The administration views the measure as a necessary tool to collect on personal debts as greater numbers of Americans eliminate their land lines. Technically, the provision would also apply to people who are behind on their taxes or on mortgages insured by the Federal Housing Administration. But the Internal Revenue Service doesn't contract with private firms to collect delinquent taxes, and mortgage lenders aren't likely to hound borrowers by cell phone when they have the threat of foreclosure to compel payment, experts say.
In practice, "the main target will probably be student-loan debtors," says Margot Saunders, at counsel with the National Consumer Law Center. "Right now, the country is facing tremendous unpaid debt, not because we have a lot of deadbeats, but because a lot of people are out of work and can't repay the debt."
An estimated $50 billion in federal education debt is in default, says Mark Kantrowitz, founder of finaid.org, a student loan informational website. "The fear is collection agencies will use this [provision] to harass students," he says. In 2010, consumers lodged more than 144,000 complaints about debt collection practices with the Federal Trade Commission, making it the top consumer complaint after identity theft.
Students who attended for-profit colleges had more than three times the rate of default -- 15% versus 4.6% of students attending nonprofit schools.
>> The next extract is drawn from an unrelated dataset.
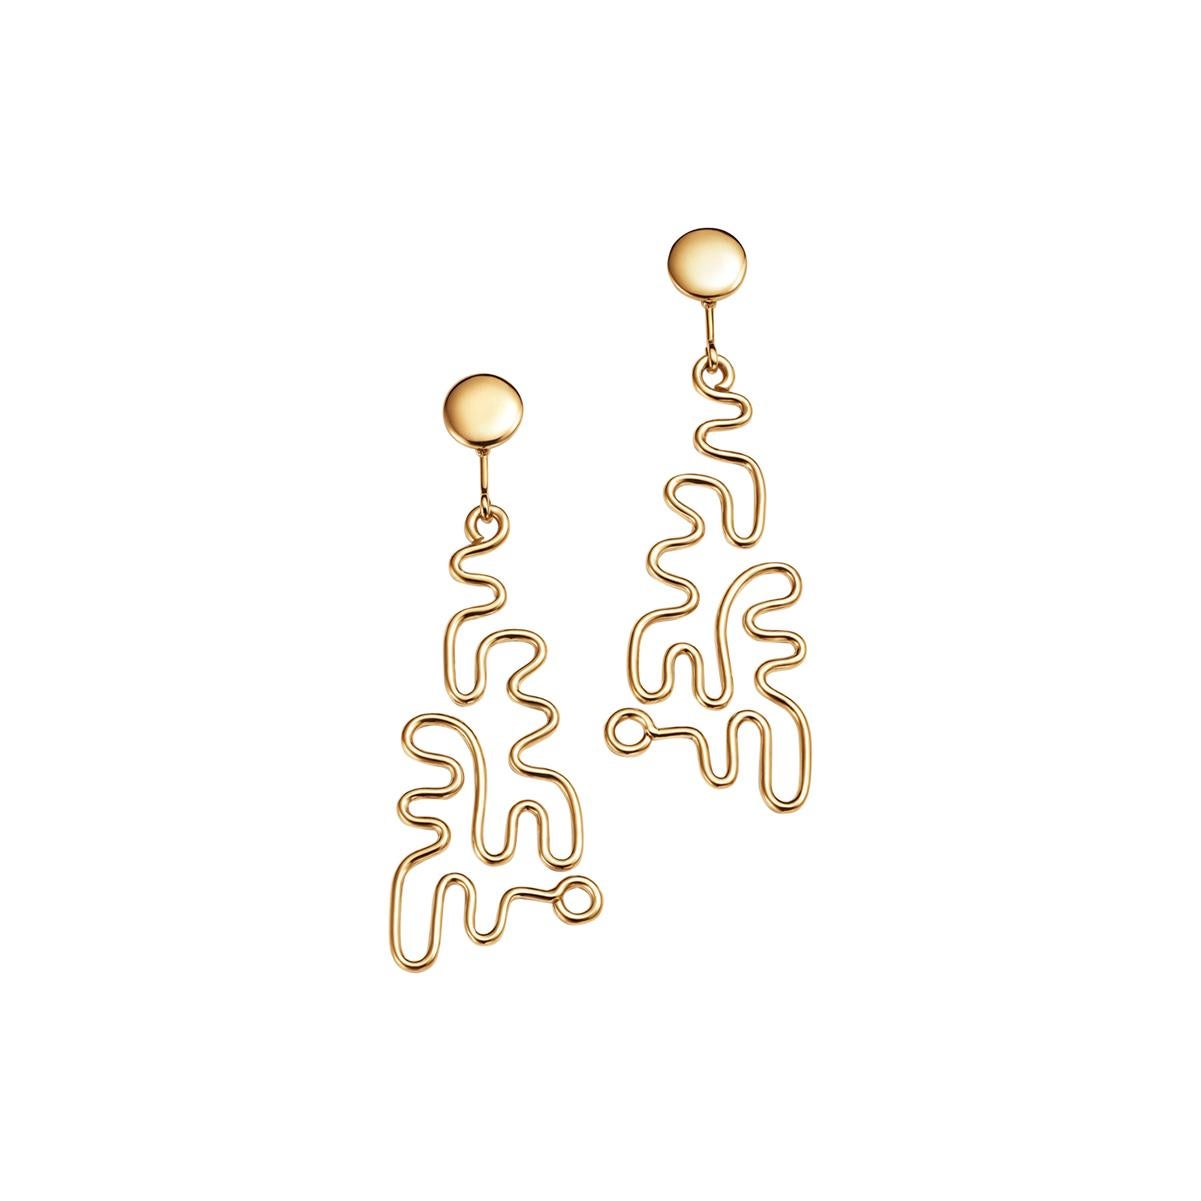 18kt Fairmined Ecological Yellow Gold Milton Cavagnaro Puzzle Earrings

One reason: Students at for-profit schools are more likely to borrow: 92% did so in the 2007-2008 school year, the most recent data available, versus 27% of students at public colleges and 60% of students at private, nonprofit colleges.
"There are a whole slew of problems with students loans to vocational schools," says Saunders. "They are known to provide very high-ratio loans. The student doesn't pay much up front, and then there are real problems with the product. The vocational schooling doesn't train students for what they need, they don't help them find jobs, and [the students] are left owing huge amounts."
Moreover, it's those younger, jobless or underemployed people who are most likely to rely solely on a cell phone, and chose a pay-as-you-go phone, which can cost up to 25 cents a minute for a basic plan, says Howard Dvorkin, CPA and founder of Consolidated Credit, a debt management firm. "Collectors may call three to five times a day to get someone on the phone, so the cell phone bills are going to go up," he says. "It's a money grab that the administration is going for -- the government needs the money and a tremendous amount is owed, certainly for student loans."
Even if the provision is adopted, borrowers will be able to use tactics in the Fair Debt Collection Practices Act to protect themselves. Debt collectors can't contact you before 8 a.m. or after 9 p.m. unless you agree to it. Most people carry their cell phones to work, and debt collectors can't contact you there if they are told, orally or in writing, that you are not allowed to receive calls. Finally, collectors must stop contacting you if you notify them in writing.
"Allowing an abusive debt collection mechanism is not going to increase payment of debt, it's just going to increase the suffering of debtor," argues Saunders. "It's quite different than calling a home phone."